__PROVIDED RECORDS__:
################

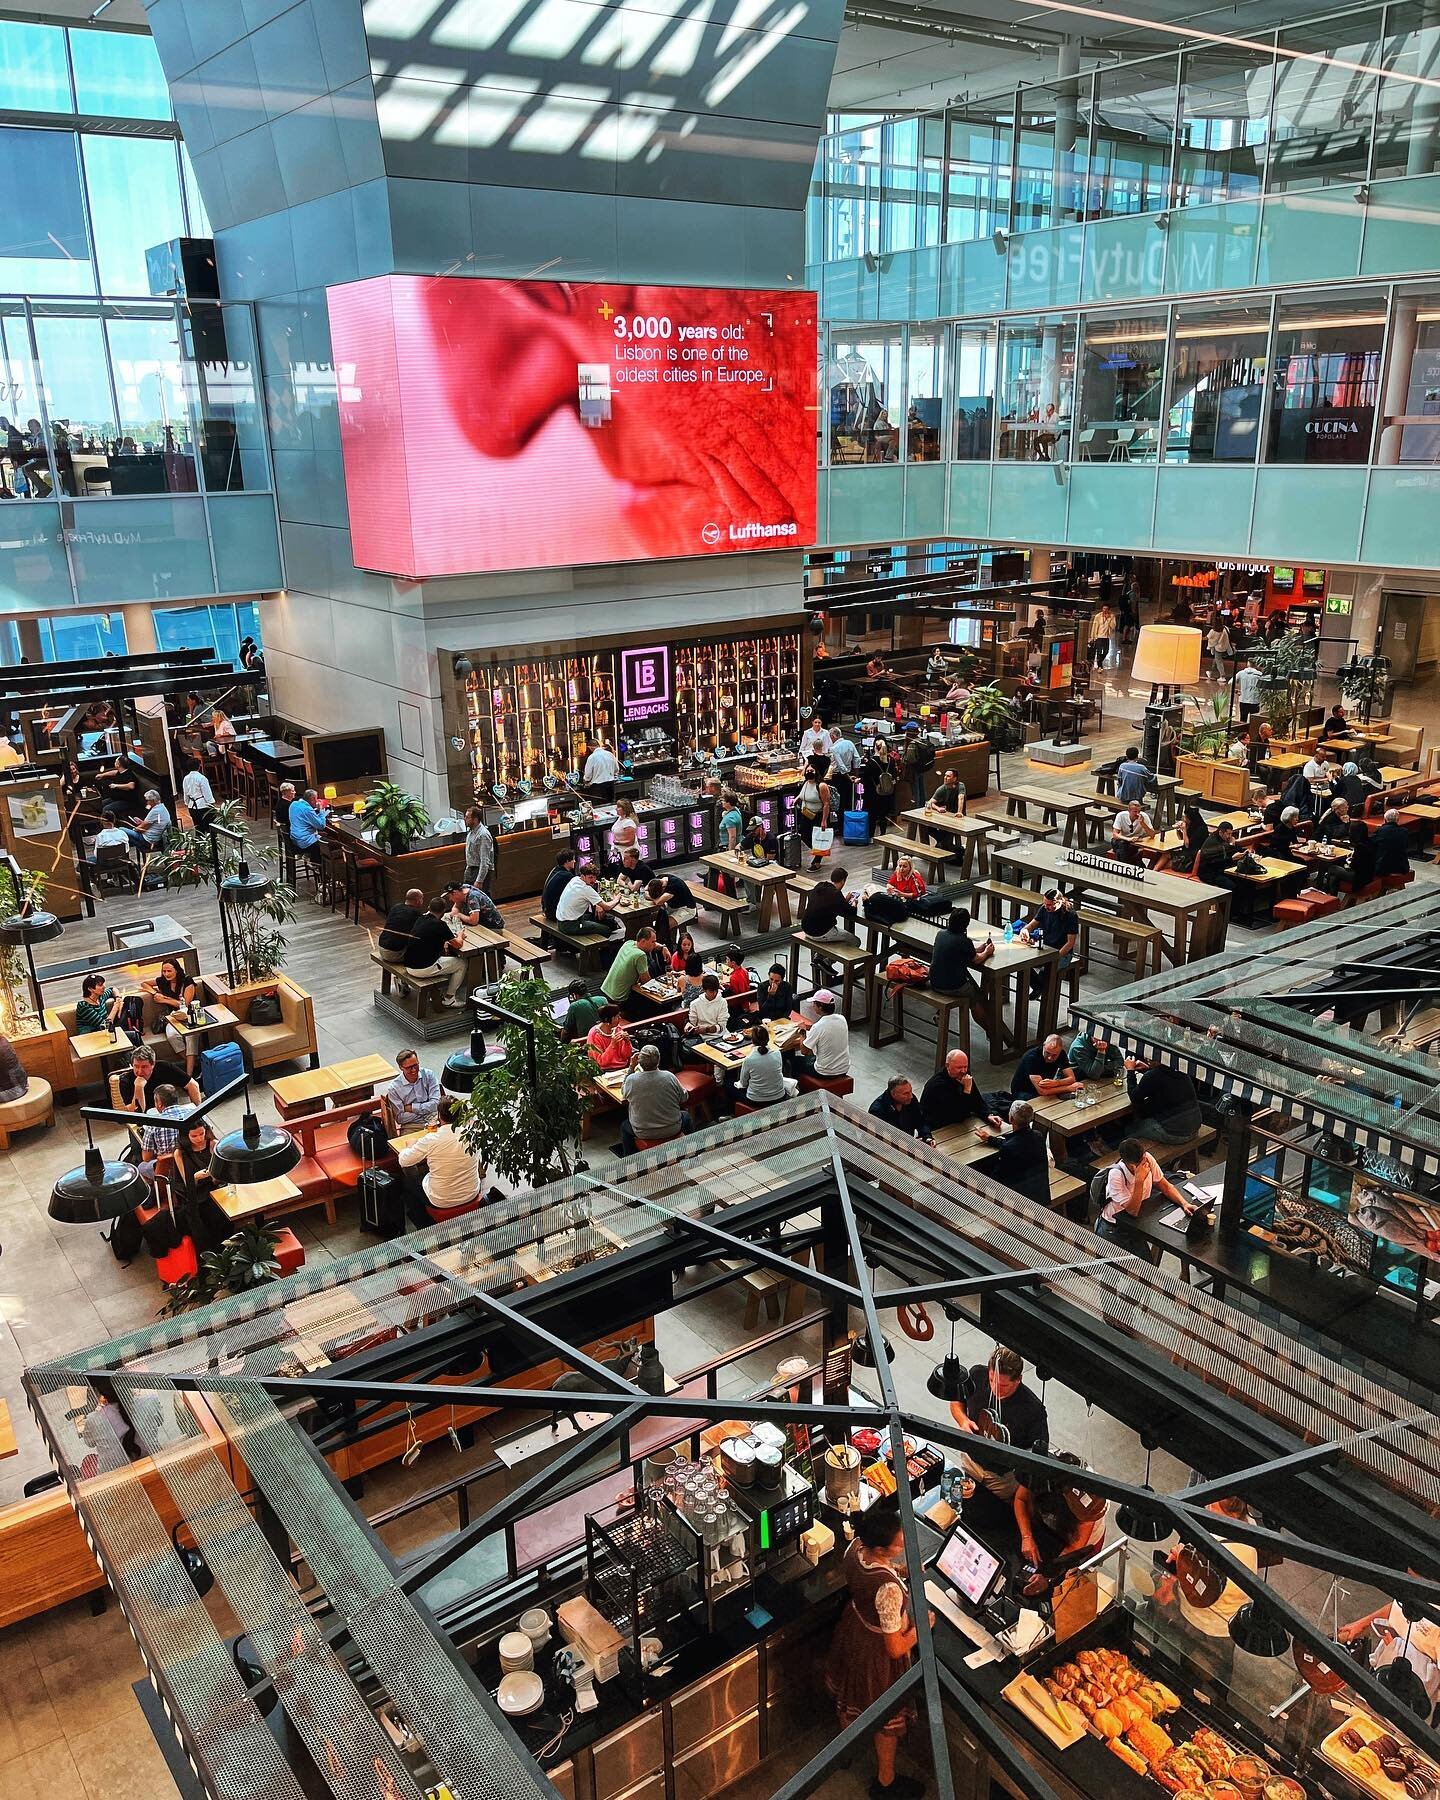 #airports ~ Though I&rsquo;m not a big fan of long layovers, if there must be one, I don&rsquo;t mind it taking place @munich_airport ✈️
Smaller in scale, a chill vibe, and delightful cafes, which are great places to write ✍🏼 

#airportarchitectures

################

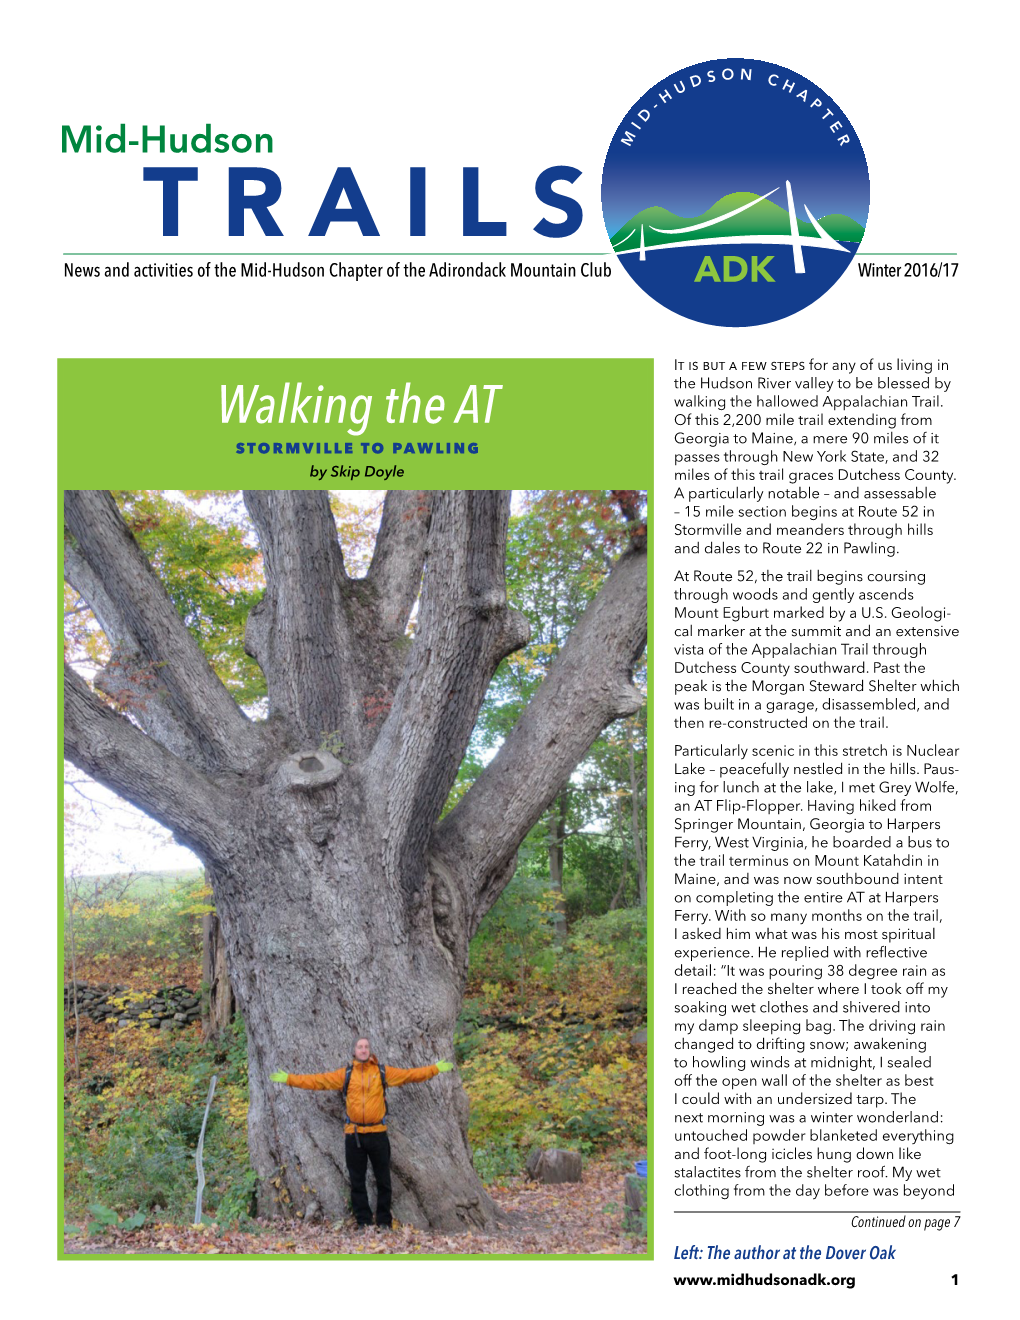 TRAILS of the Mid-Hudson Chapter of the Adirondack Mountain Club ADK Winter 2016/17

################

__YOUR OBJECTIVE__: In the data above, start at the line holding "#airports ~ Though" and stop after the line holding "#airportarchitectures"; write out those lines exactly, without pictures.

__TASK RESULT__:
 #airports ~ Though I&rsquo;m not a big fan of long layovers, if there must be one, I don&rsquo;t mind it taking place @munich_airport ✈️
Smaller in scale, a chill vibe, and delightful cafes, which are great places to write ✍🏼 

#airportarchitectures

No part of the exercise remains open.